Lithuanian folklorist (born 1969)

Daiva Vaitkevičienė-Astramskaitė (born 1969, Panevėžys District, Lithuania) is a Lithuanian folklorist, Senior Researcher, Department of Oral Folklore of the Institute of Lithuanian Literature and Folklore.

During 1987-1992 she studied Lithuanistics at the Vilnius University. Since 1991 she works at the Lithuanian Institute of Literature and Folklore.
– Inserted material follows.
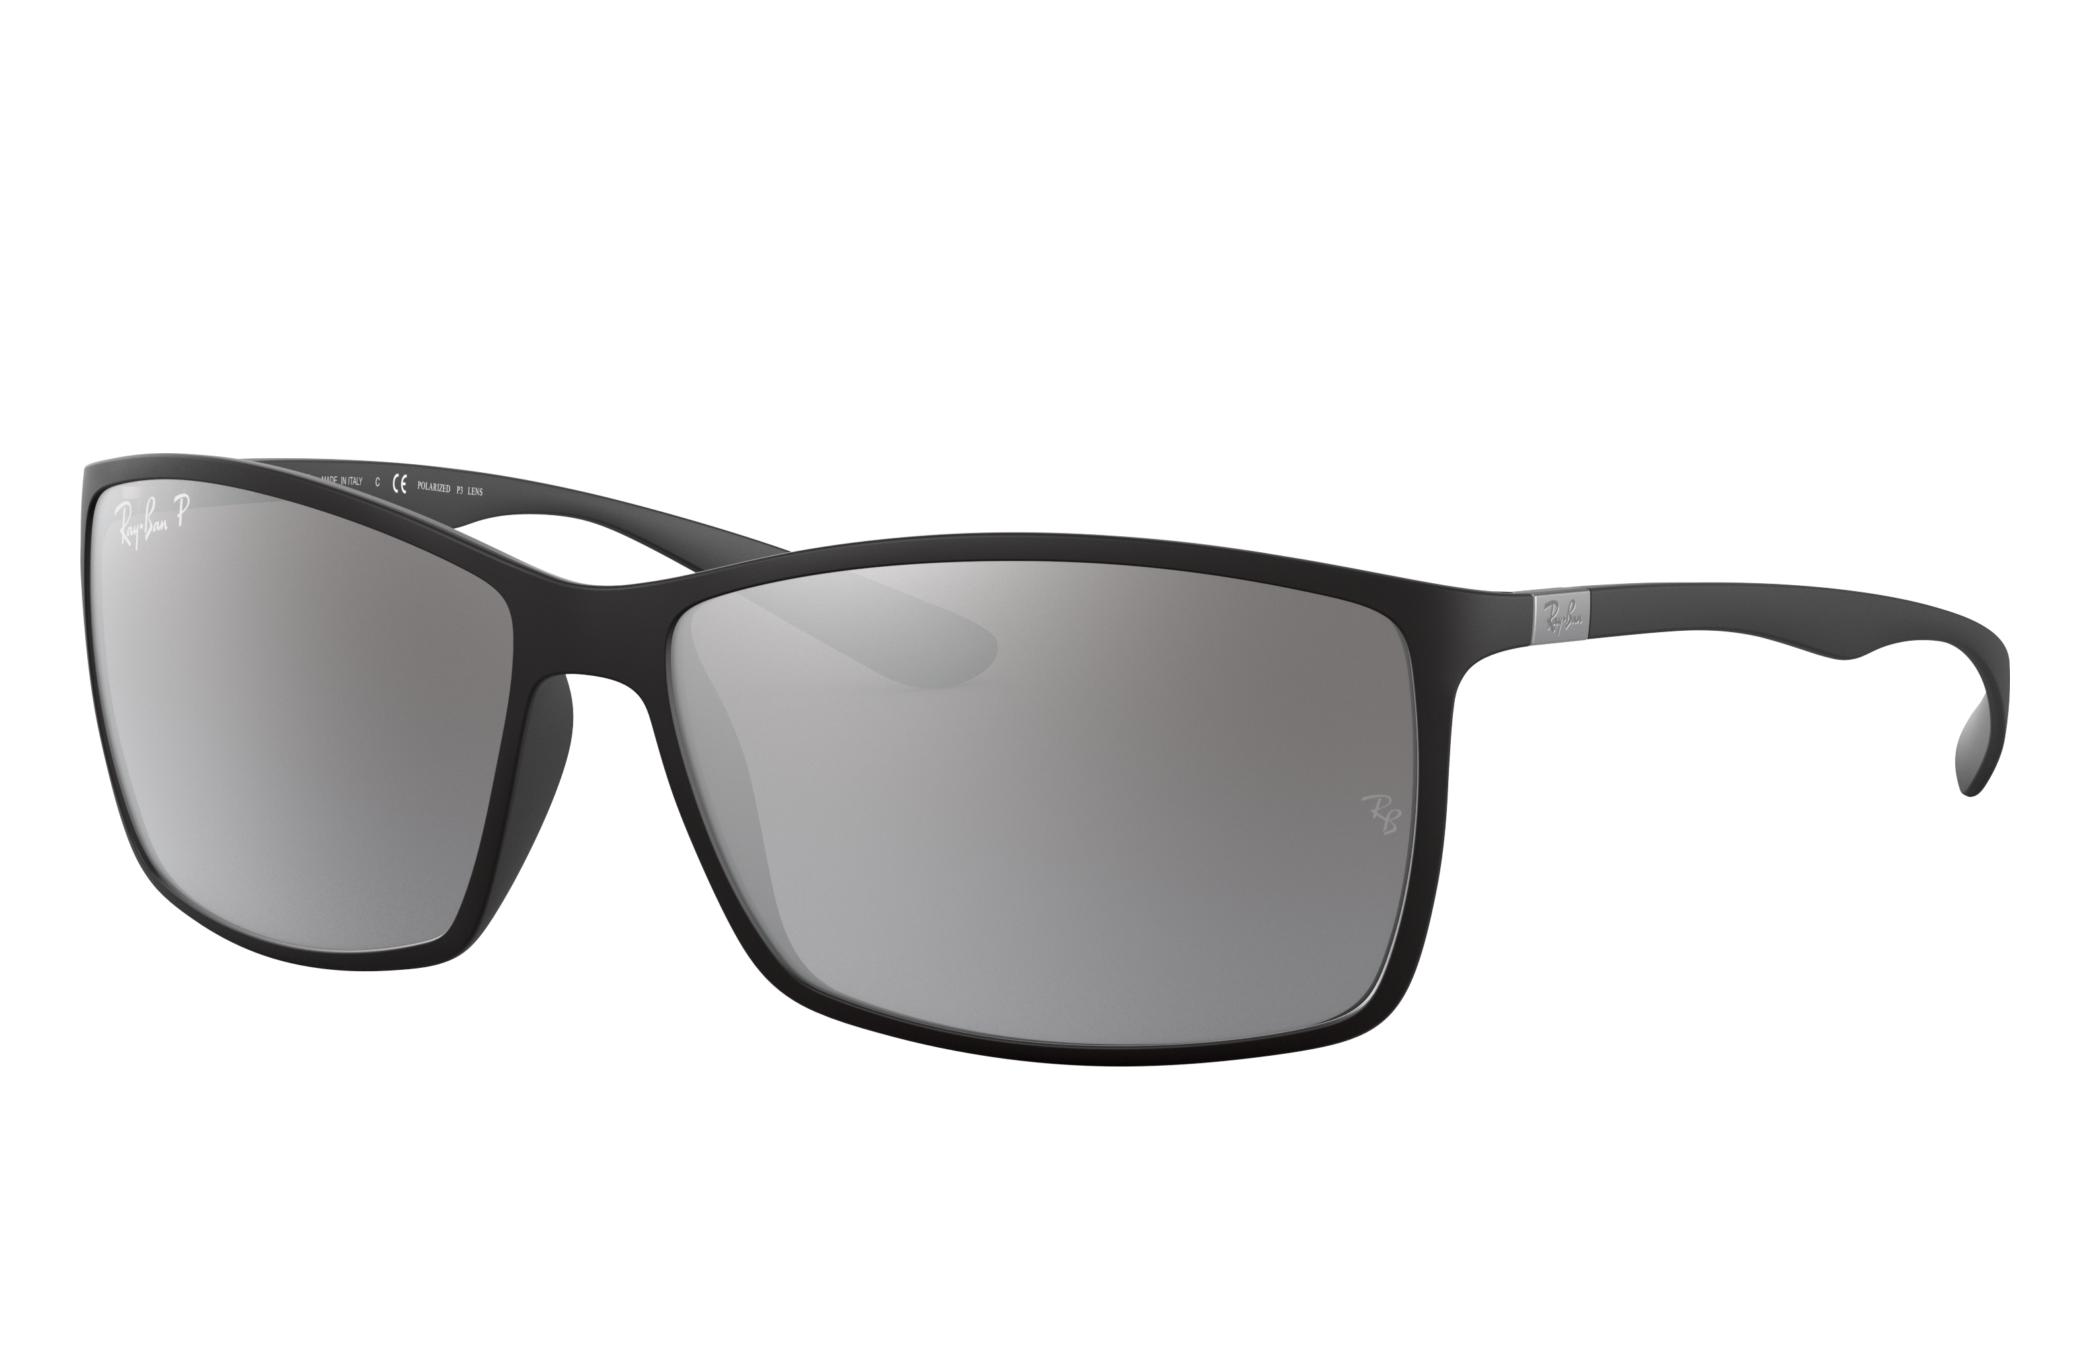 Ray-Ban Rb4179 Black, Polarized Gray Lenses - RB4179
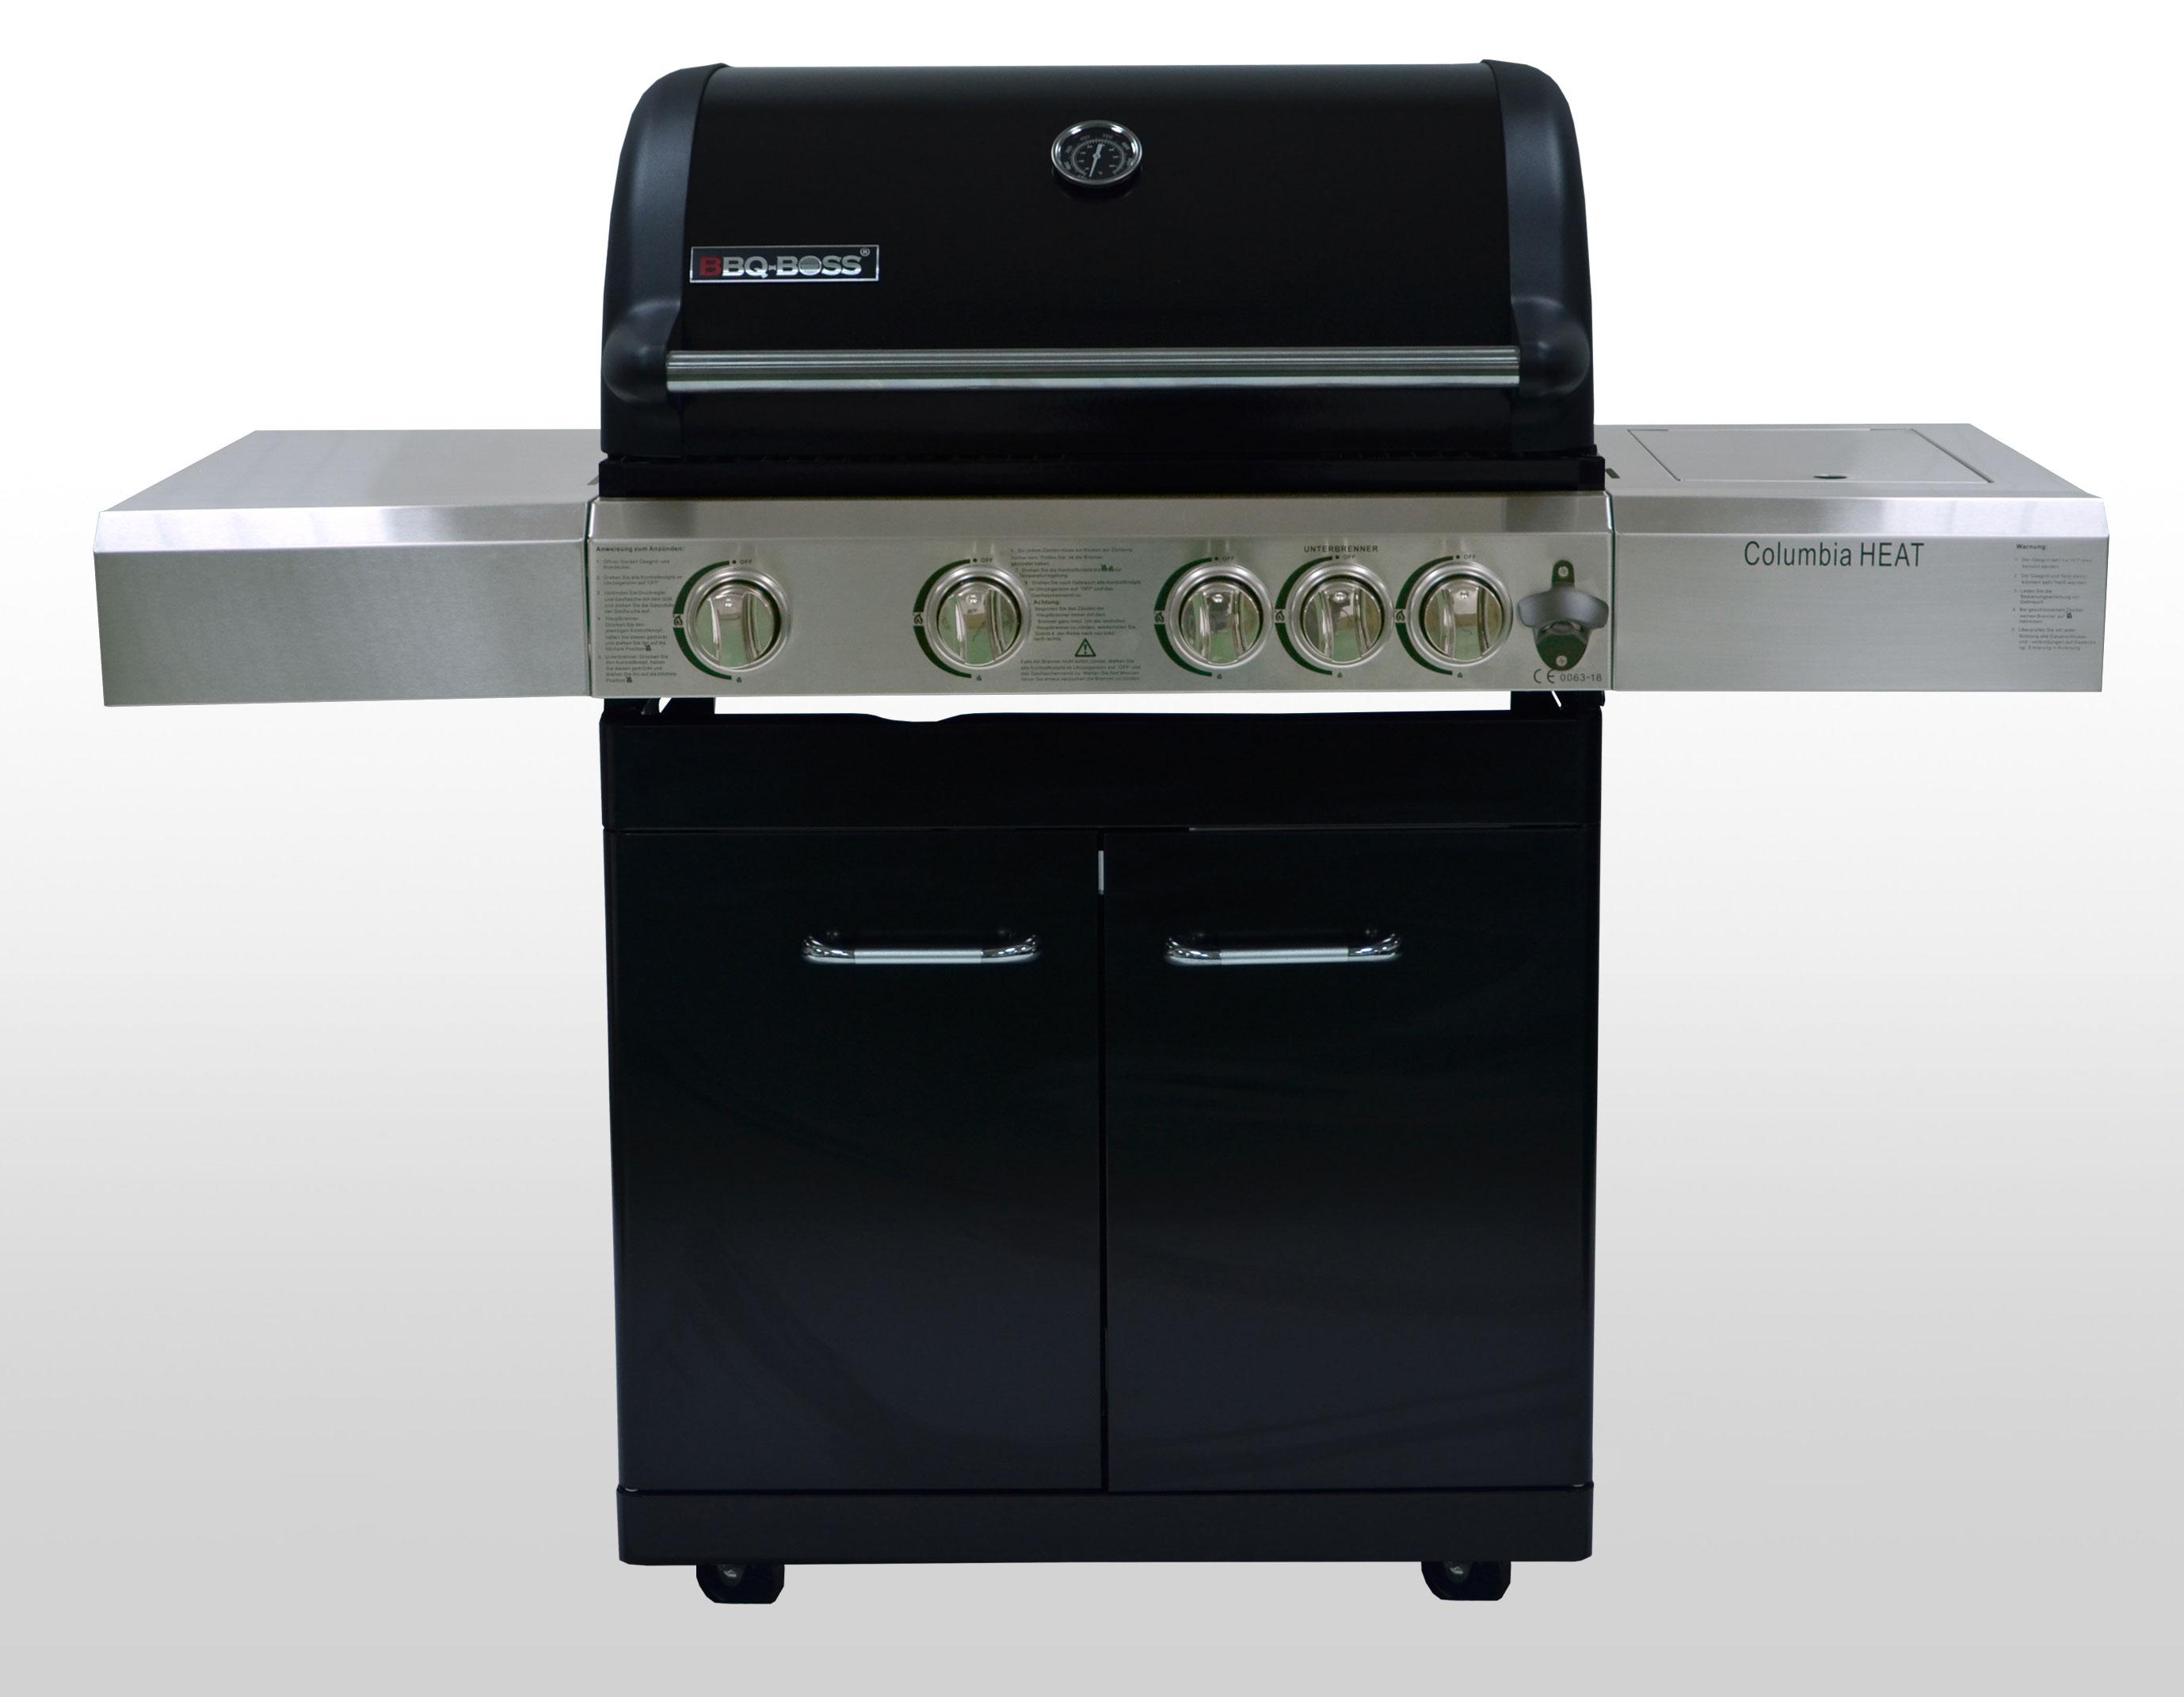 Gasgrill / Grillwagen BBQ Boss Columbia Heat Grillfläche 74x46cm Bild 1

Her main interests are in Lithuanian mythology In 1999 she earned Ph.D. in humanitarian sciences, thesis Ugnies raiškos lietuvių ir latvių mitologijoje [Fire Expressions in Lithuanian and Latvian Mythology].

Member of the editorial board of Incantacio: An International Journal on Charms, Charmers and Charming.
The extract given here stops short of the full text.